I am attaching a kernel config from which I based my test kernels (the kernel config I used for bisection got lost). It also has ACPI debugging features enabled (remainder of some other bughunt), you could disable that if you want. What do you use for "quickly" triggering the issue? Something automated would be awesome :)

(In reply to Martin Sandsmark from comment #16)
> also, I'm not sure if I'm somehow triggering this bug instead sometimes (or
> if these are related): https://bugs.kde.org/show_bug.cgi?id=230184

It looks unrelated, that seems to be an issue with firing the timer, the issue in this bug is caused by a watcher that is removed.
Comment 18 Martin Sandsmark 2017-03-27 07:11:49 UTC
> What do you use for "quickly" triggering the issue? Something automated would be awesome :)

I started by trying to do that by automatically launching xxd in the background and then sleeping and killall xxd, but it didn't seem to work. but it since it did this in a loop, when I tried to ctrl+c it it just continued the next iteration, which meant I could quickly ctrl+c a bunch to trigger it.

> It looks unrelated, that seems to be an issue with firing the timer, the issue in this bug is caused by a watcher that is removed.

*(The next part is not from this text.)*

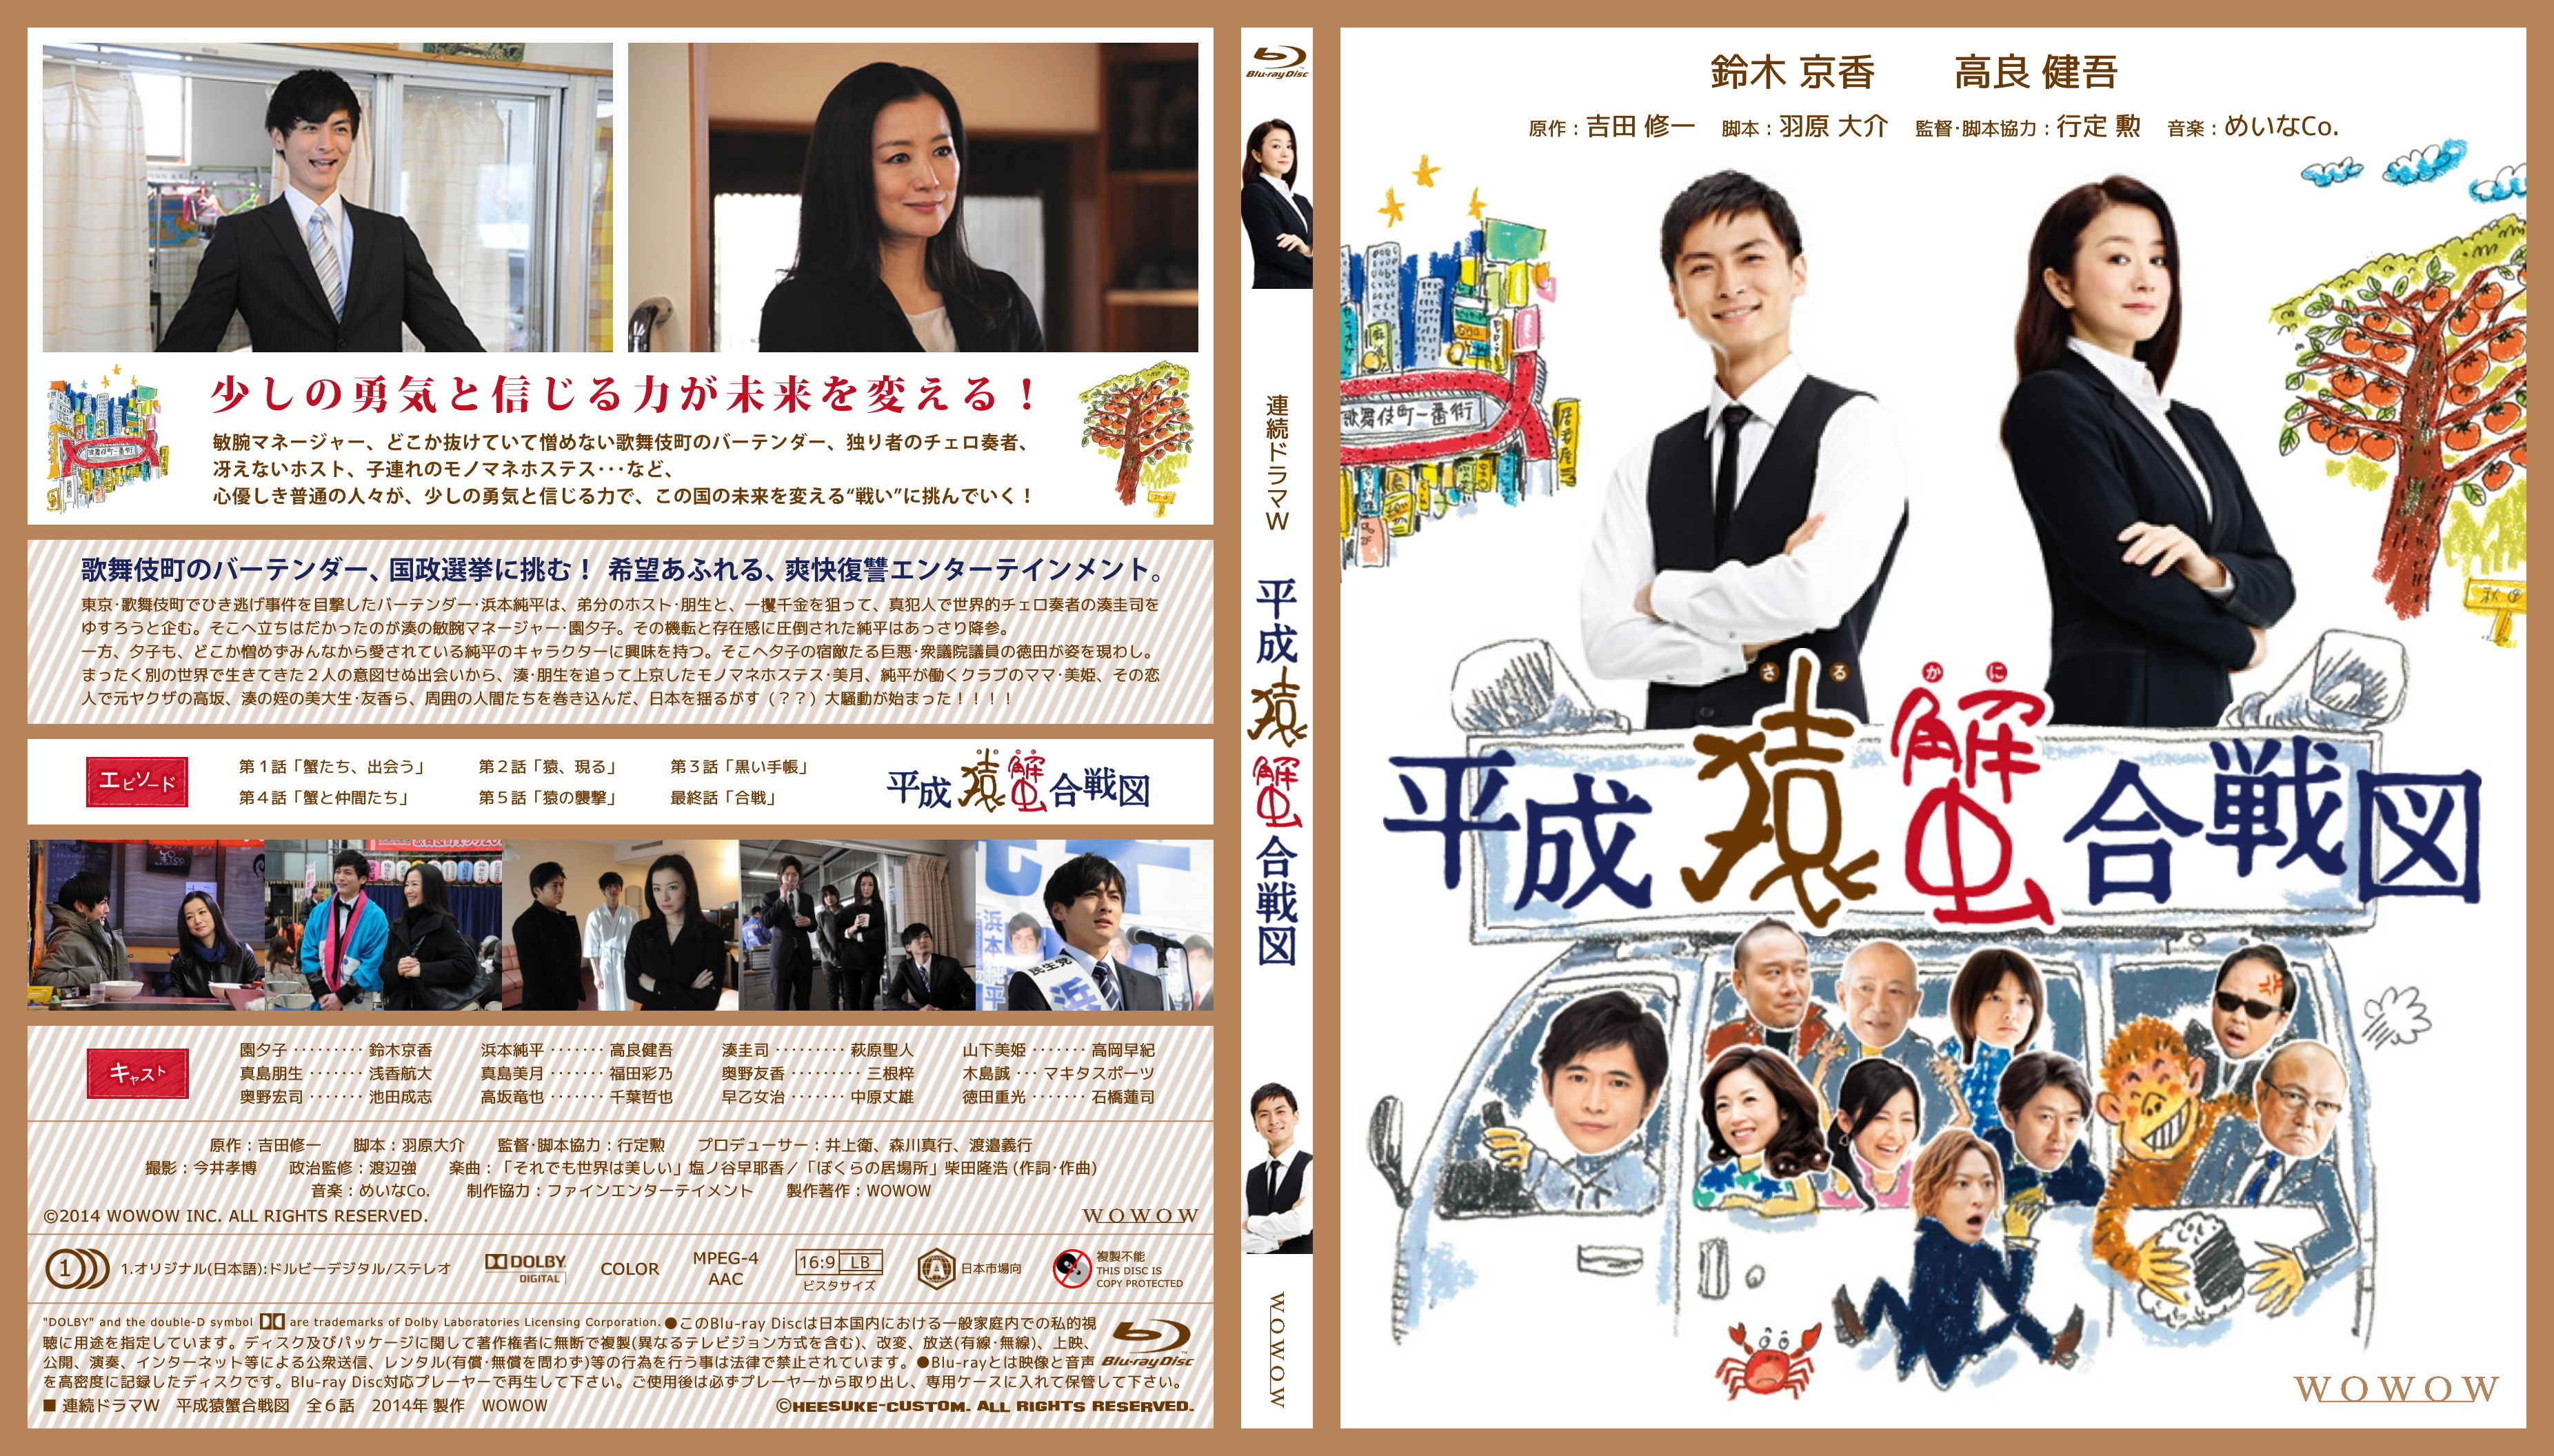 連続ドラマW 平成猿蟹合戦図 [DVD] w17b8b5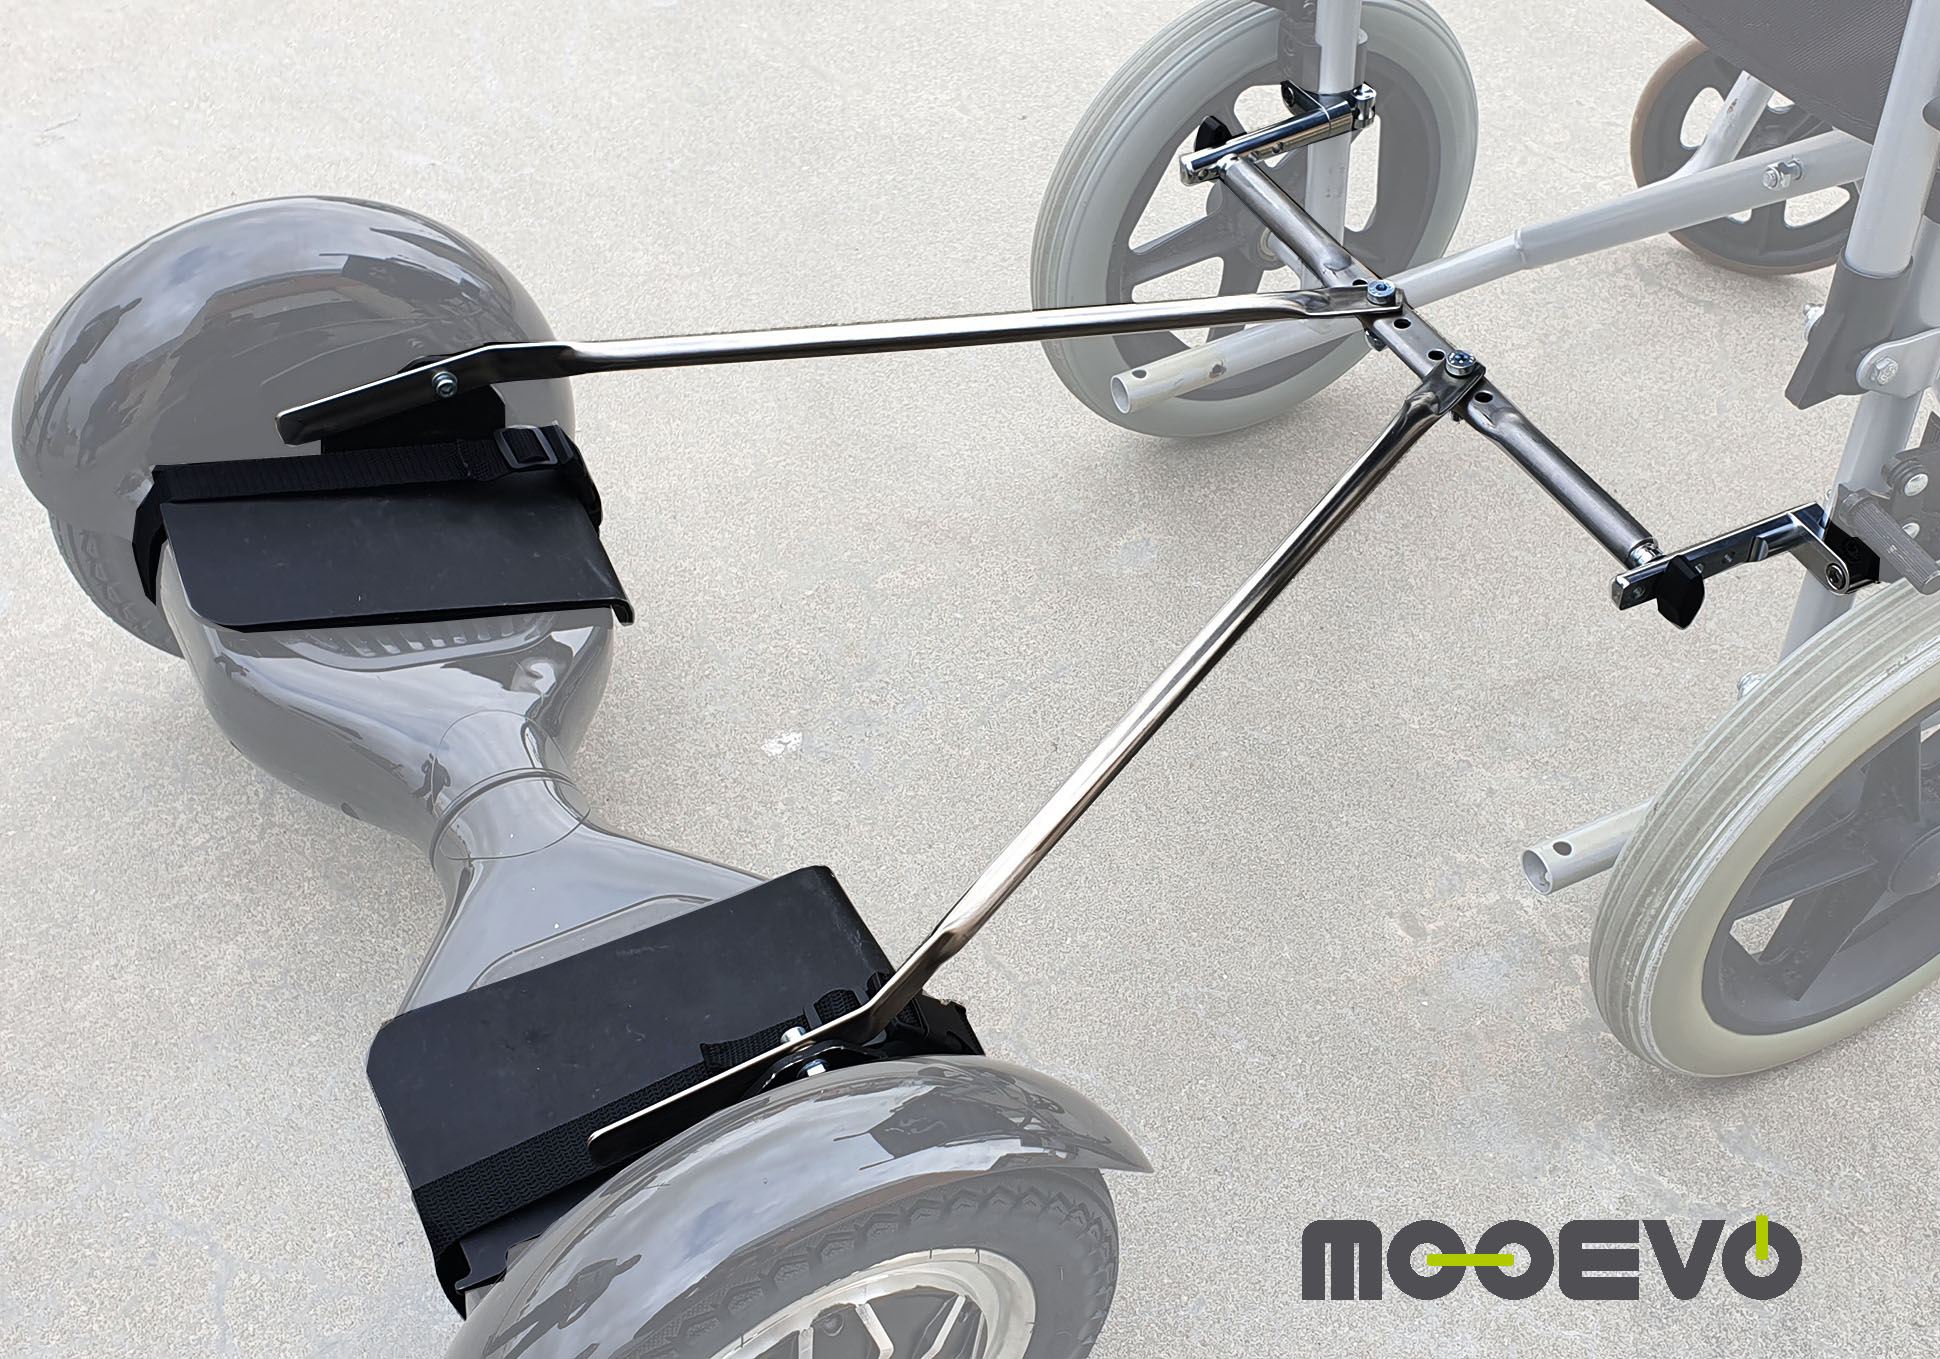 Minúsculo comunidad encima Mooevo Kit Adaptador Hoverboard a Silla de Ruedas - Mooevo Go

the cause is probably different, but the result is more or less the same (spamming a ton of output -> konsole seemingly hangs).
Comment 19 Peter Wu 2017-05-21 10:20:14 UTC
This bug is possibly resolved in the Linux kernel with this commit:
https://git.kernel.org/pub/scm/linux/kernel/git/stable/linux-stable.git/commit/?id=77dae6134440420bac334581a3ccee94cee1c054

This change (v4.11-rc2-16-g77dae6134440) has been backported as:
v4.11.1-99-g34e01f920739
v4.10.16-82-g58d479441029
v4.9.28-70-g89c91ea37581
v4.4.68-46-g9bd2cc56a089
Comment 20 Martin Sandsmark 2017-06-17 12:07:55 UTC
That explains why I haven't seen that in a while. Feel free to re-open if you manage to reproduce it with a kernel version with that patch in, I can't do that here.